3. Boundaries (Media, subject
matter, visual form, techniques)
Arcangel
is limited to a digital media pattern of work.
His subject matter varies from repetition to try and fail types of
work. He uses hacked video games, sound,
digital performance, and basic photoshop elements to create his work
4.
The key artwork(s) (include title, year,
medium, and insert links if needed)
One example is Super Mario Clouds (2002), a
modified version of the Super Mario
Bros. video game for Nintendo's NES game console in which all of the
game's graphics have been removed, leaving only a blue background with white
clouds scrolling slowly from right to left.
5.
The artist’s art making practices
·
Knowledge (how does the artist
acquire knowledge?)
Through
the systematic examination of our digital culture and regression as a society
·
art making problem (how to
investigate and express the idea?)
o
Technical strategies (i.e. limit
color choices or only use secondary colors)

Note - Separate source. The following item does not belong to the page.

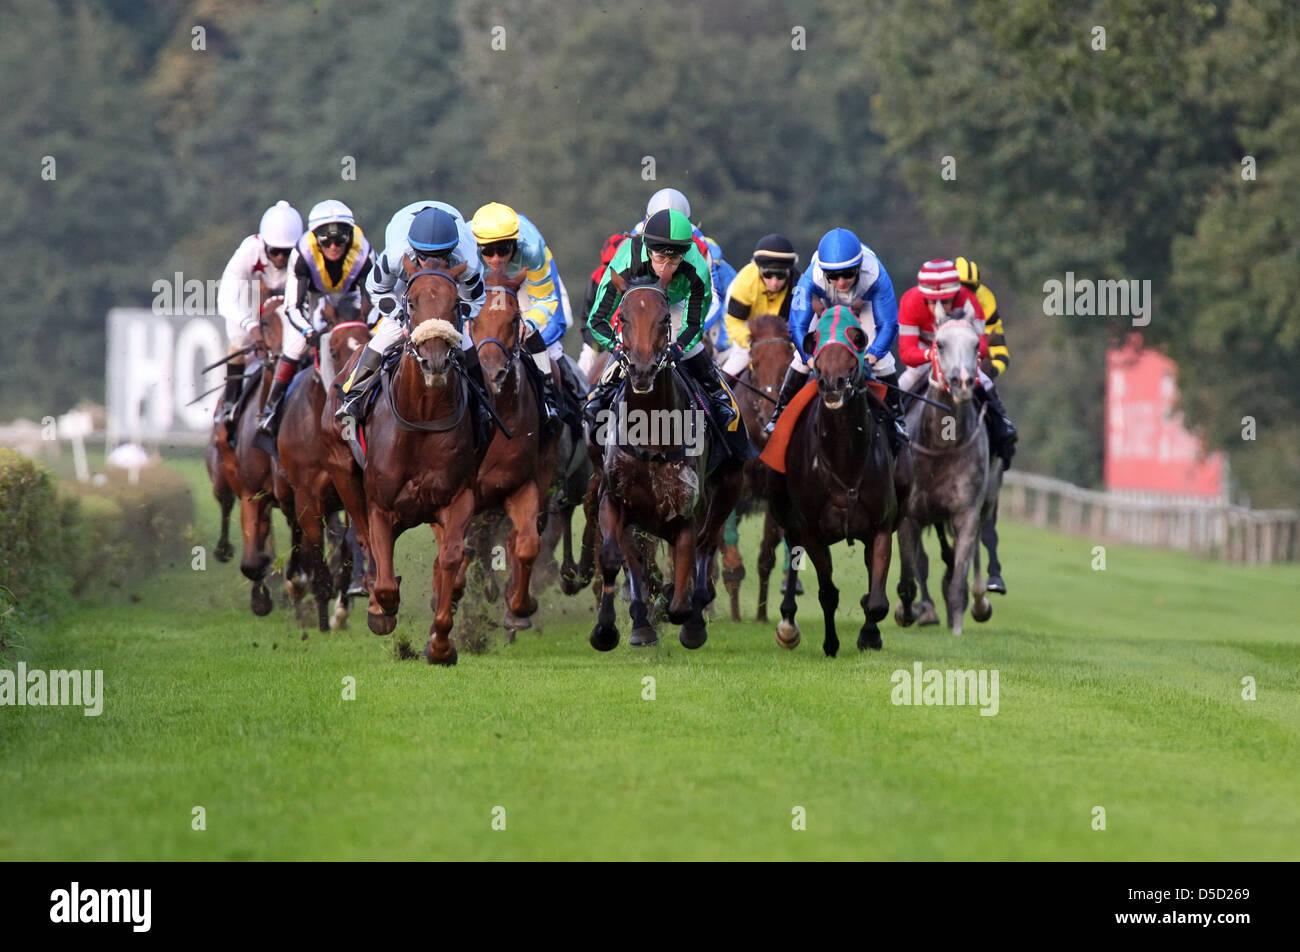 Hoppegarten, Germany, horses and jockeys during one horse race - Stock Image

Arcangel simplifies our media
down to it’s smallest portion as an exploration of the overall media itself.
o
Conceptual strategies (i.e.,
play as a conceptual strategy for experimenting, pretending, an risk taking)
By erasing the functional part
of video games, Arcangel takes the most interesting and interactive part out of
our hands and allows us to disconnect and enjoy the media in a different
manner.
6.
Choose one artist above to develop new teaching strategies which incorporate technology
into an art lesson (at least use some forms of technology learned in class, such
as digital media ‐blogging, animation, movie and image making for art making).
Using
a website like Sploder.com create a video game that consists of at least three
levels, is visually interesting, and challenging.